Iterative Toom-Cook-2.5 (Toom32) method for unbalanced multiplication

Tue Dec 22 22:26:55 CET 2009

nisse at lysator.liu.se (Niels Möller) writes:

  Torbjorn Granlund <tg at gmplib.org> writes:

  > I suppose we could consider this for *small* m,n.  That's where it can
  > save some time.

  A start would be to do it for basecase, and make sure that the interface
  is good enough that one can get rid of the annoying copies in the un >>
  MUL_BASECASE_MAX_UN > vn case in mpn_mul.

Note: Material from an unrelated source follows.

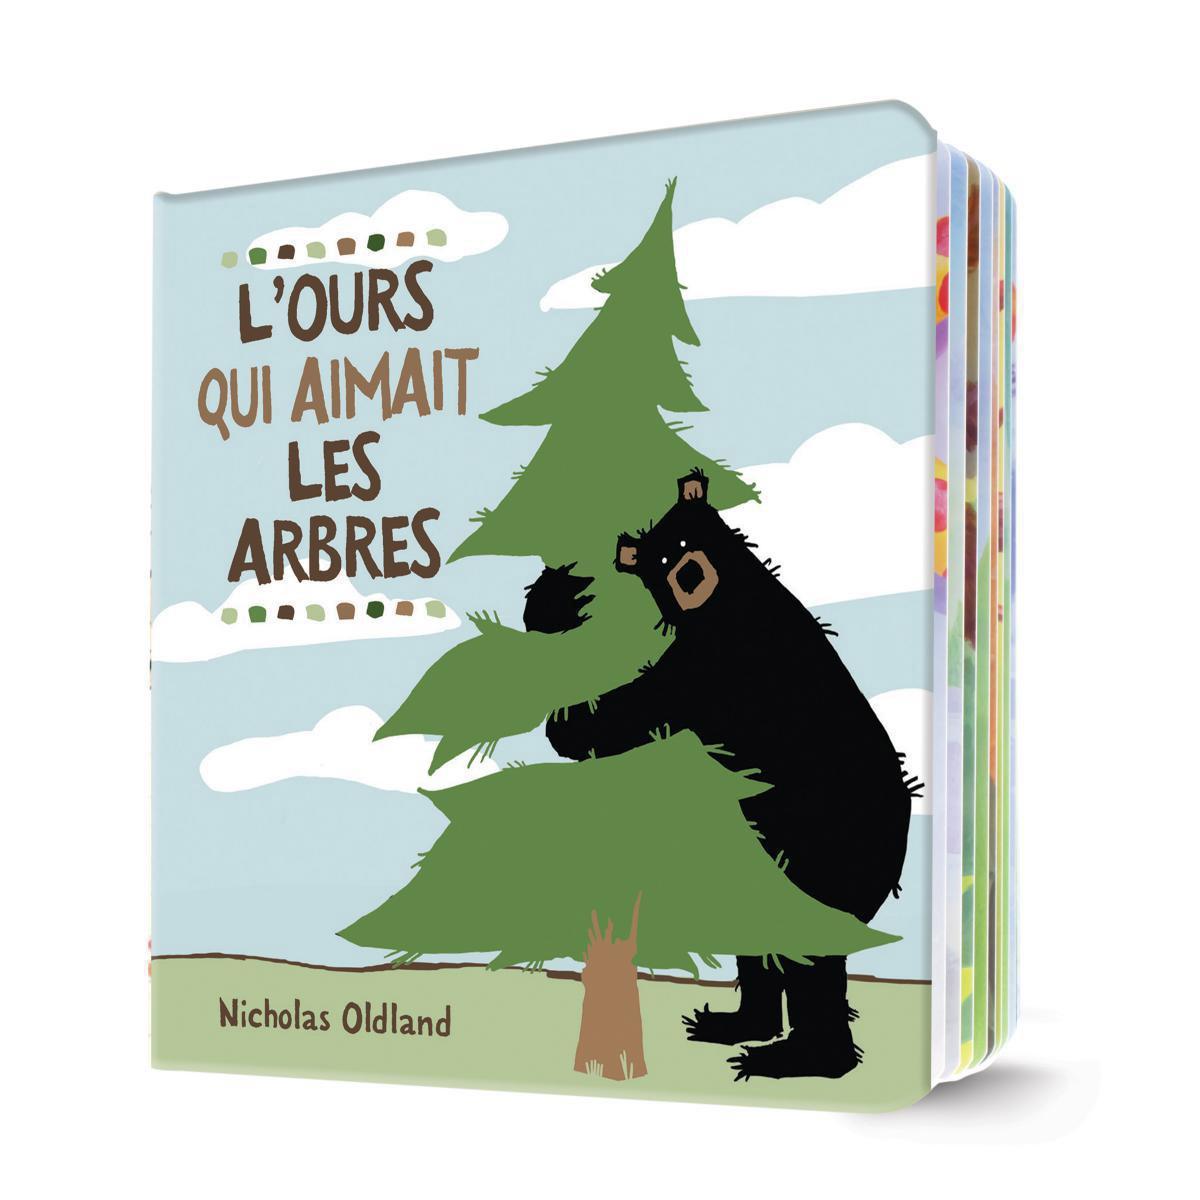 L'ours qui aimait les arbres

That's not hard; new entry points in the assembly mul_basecase and a
limited amount of new code would do it.

For C, it will require more code duplication.

  > For large operands

  I'm not sure about savings here. During the work with small-prime fft,
  it seemed like the final O(n) reconstruction work was quite important.
  If one can do an extra addition on the fly at small extra cost there,
  one saves one pass over the data, for a * b + c operation. So I wouldn't
  be surprised if that can give a modest speedup to a * b + c
  operations in the low end of the fft range.

Easy enoughy to measure:

shell$ speed -s5000 mpn_add_n mpn_mul_n
            mpn_add_n     mpn_mul_n
5000     #0.000005560   0.002410749

We could speed things up be around staggering 0.2%. :-)

-- 
Torbjörn